• _Dataset content_:
----------

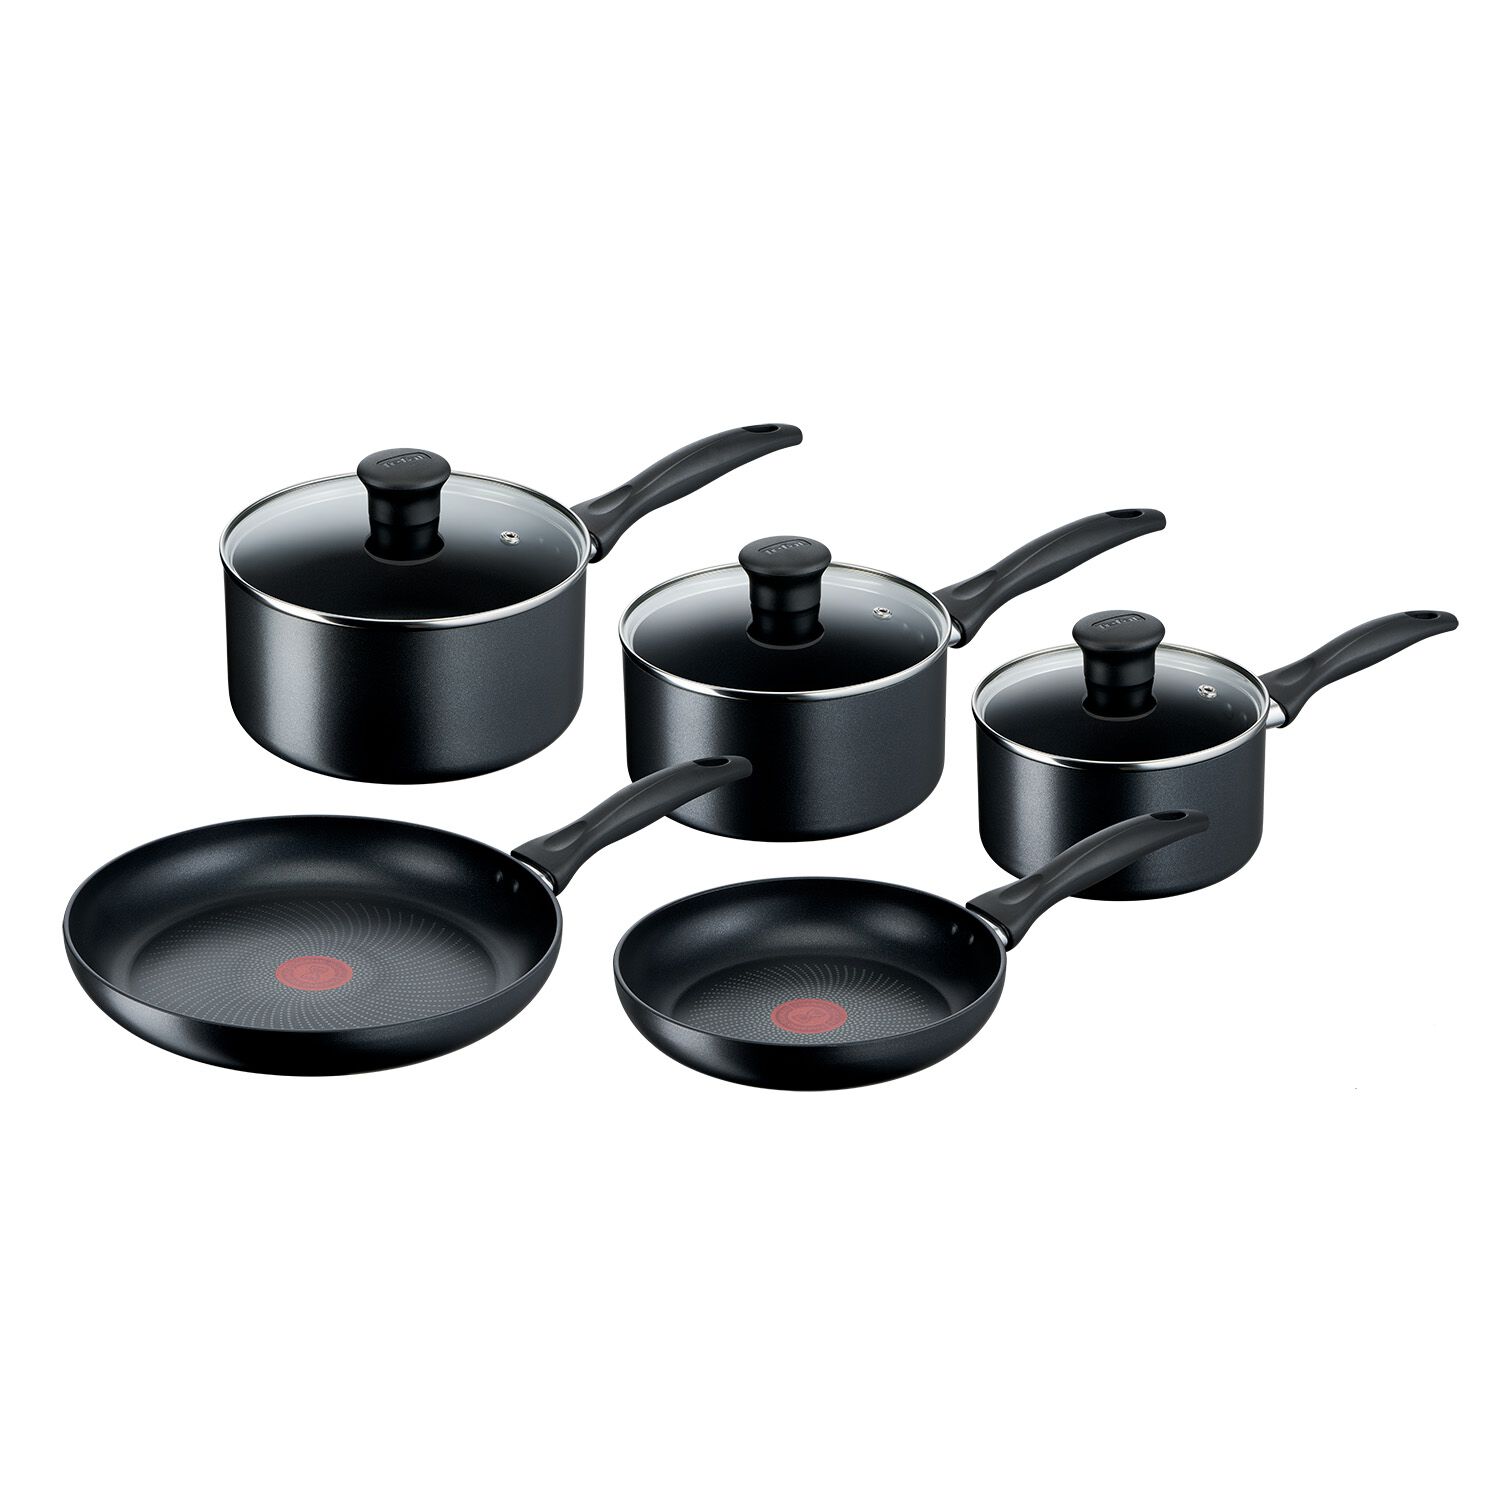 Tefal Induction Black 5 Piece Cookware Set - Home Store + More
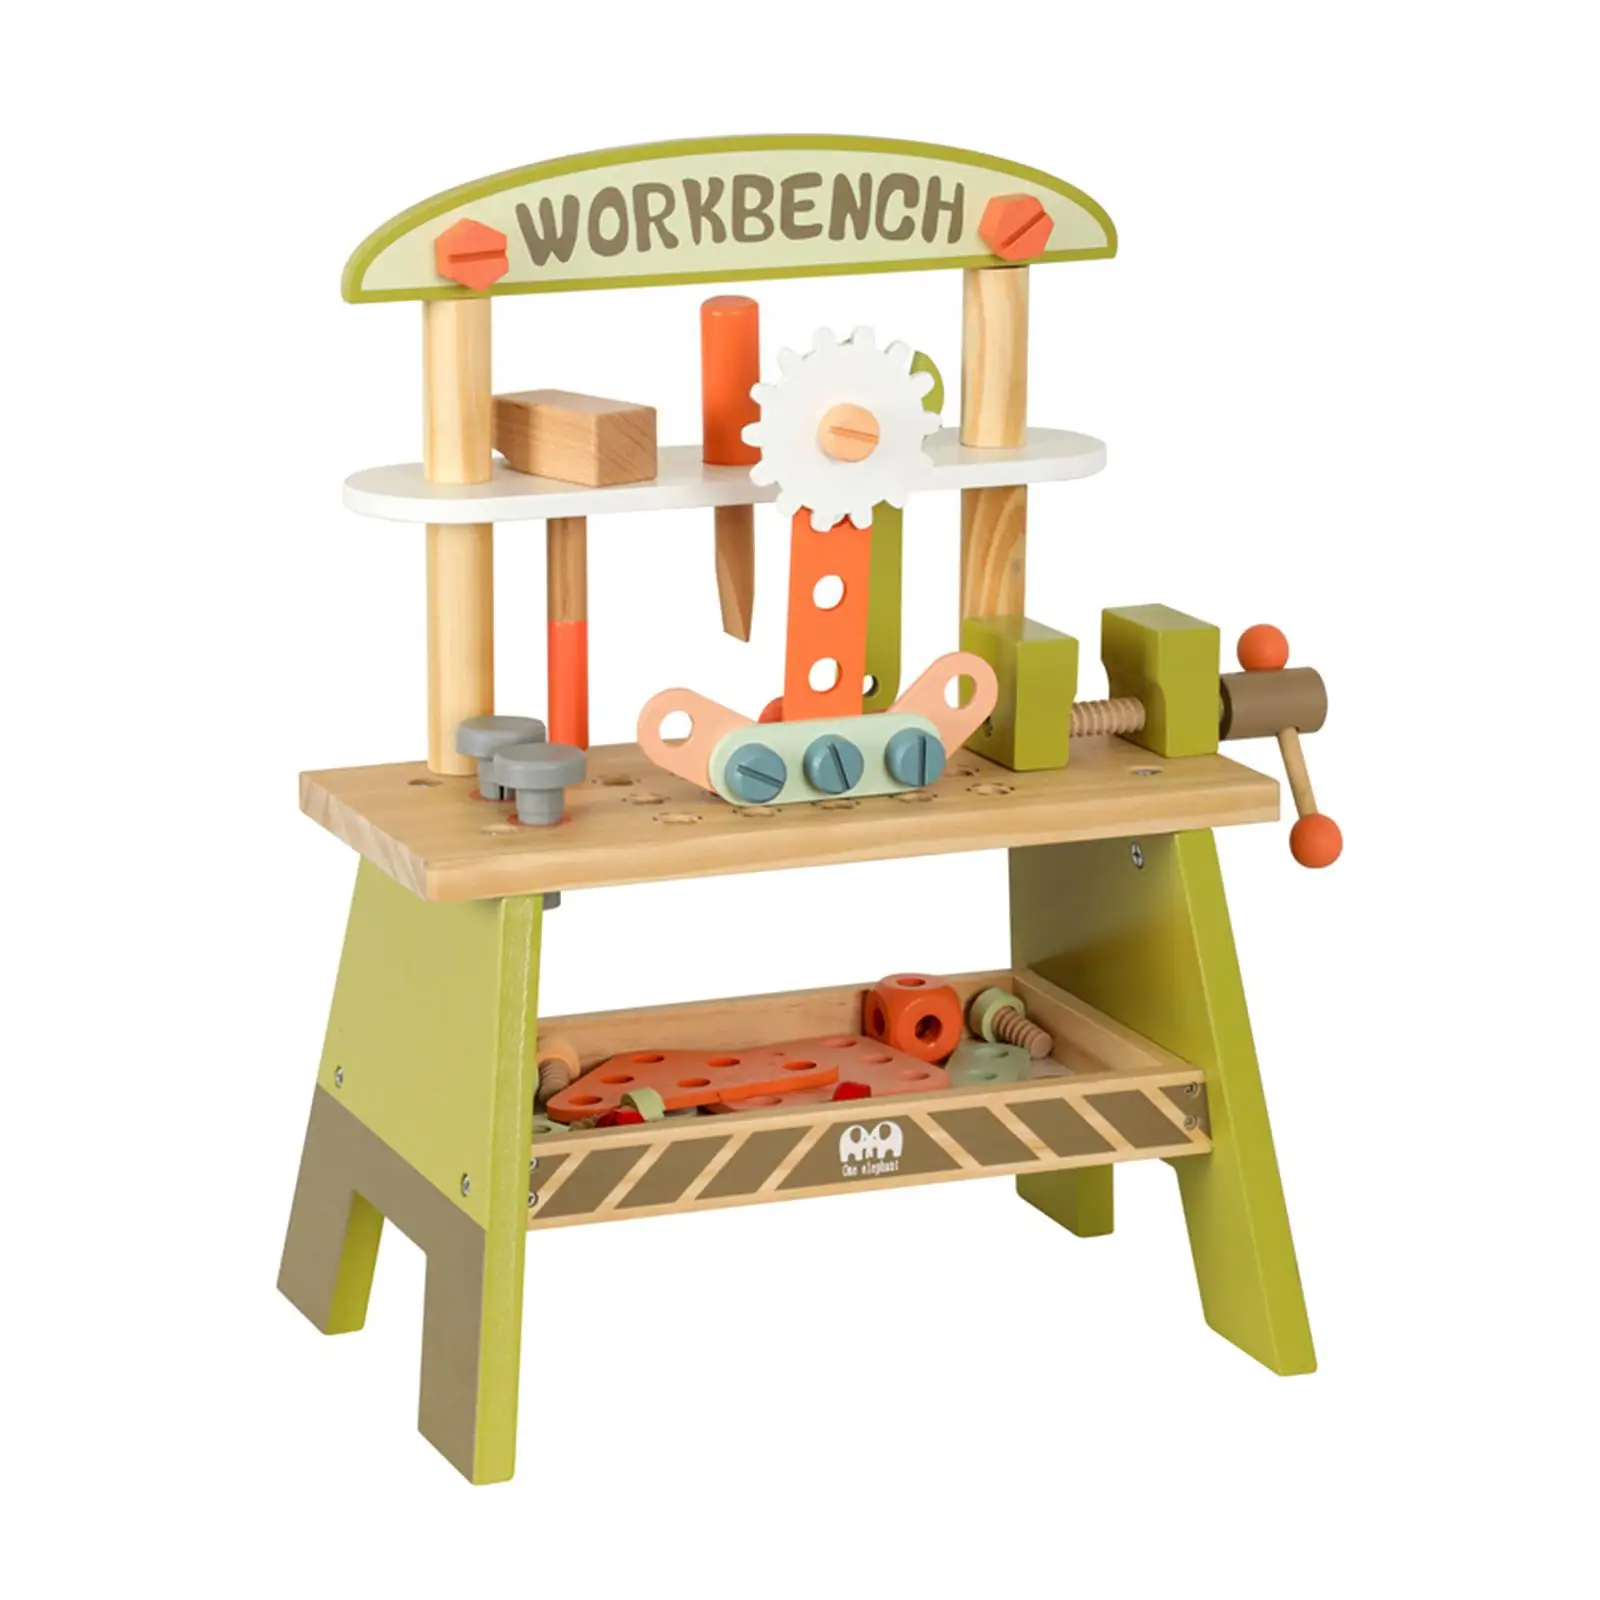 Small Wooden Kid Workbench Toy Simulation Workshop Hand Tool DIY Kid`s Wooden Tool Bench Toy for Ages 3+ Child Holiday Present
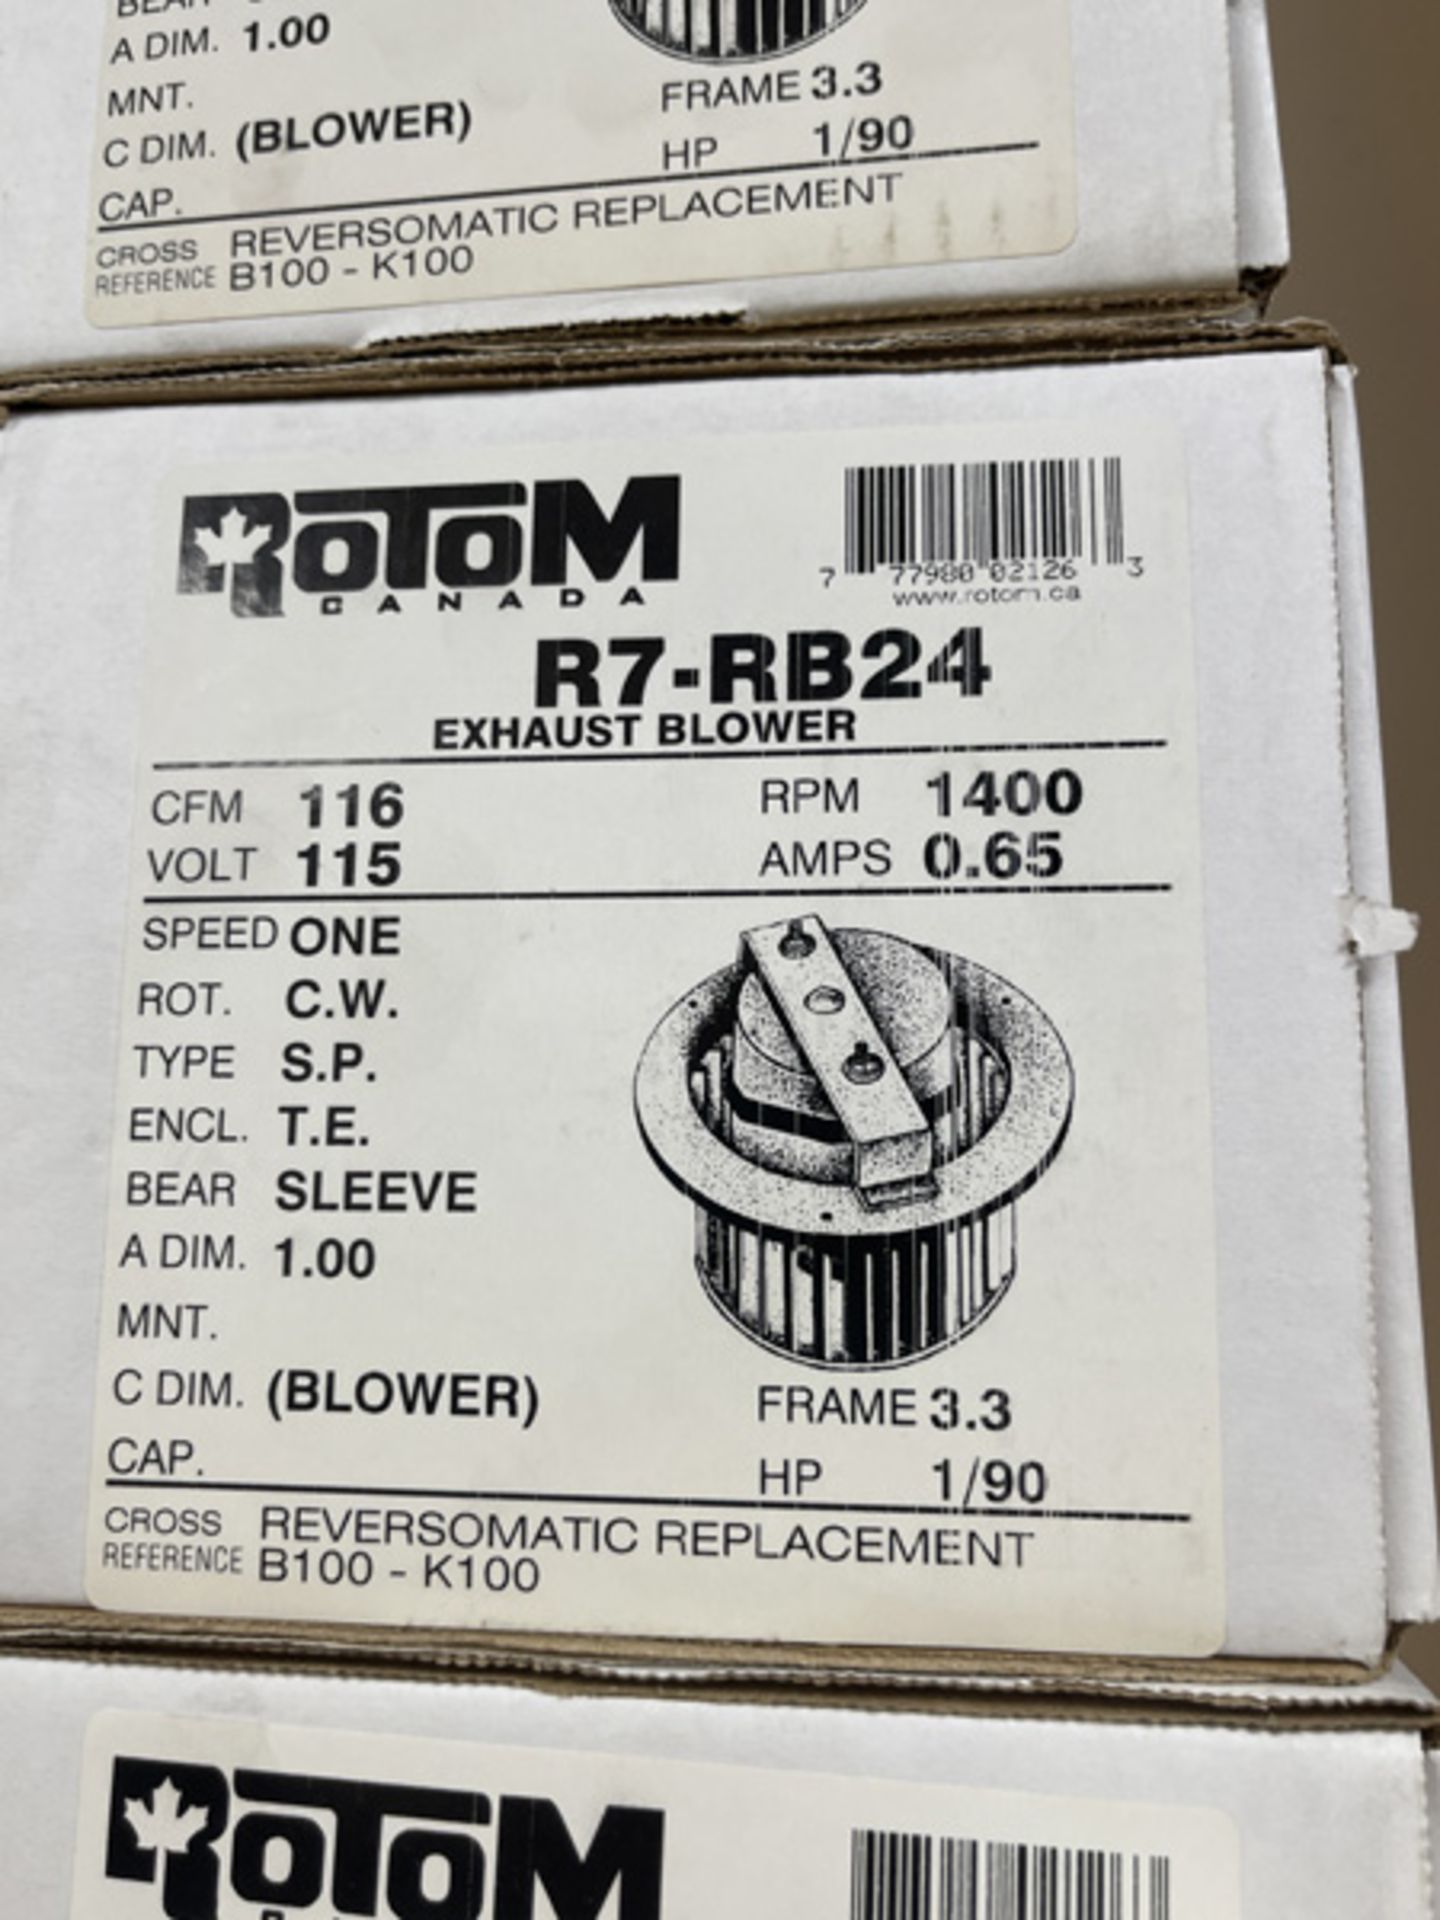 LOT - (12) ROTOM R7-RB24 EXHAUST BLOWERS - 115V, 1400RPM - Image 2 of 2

----------

• _Brief_:
Excluding pictures, print all lines above exactly.

• _Solution to this task_:
 Tefal Induction Black 5 Piece Cookware Set - Home Store + More
 Small Wooden Kid Workbench Toy Simulation Workshop Hand Tool DIY Kid`s Wooden Tool Bench Toy for Ages 3+ Child Holiday Present
 LOT - (12) ROTOM R7-RB24 EXHAUST BLOWERS - 115V, 1400RPM - Image 2 of 2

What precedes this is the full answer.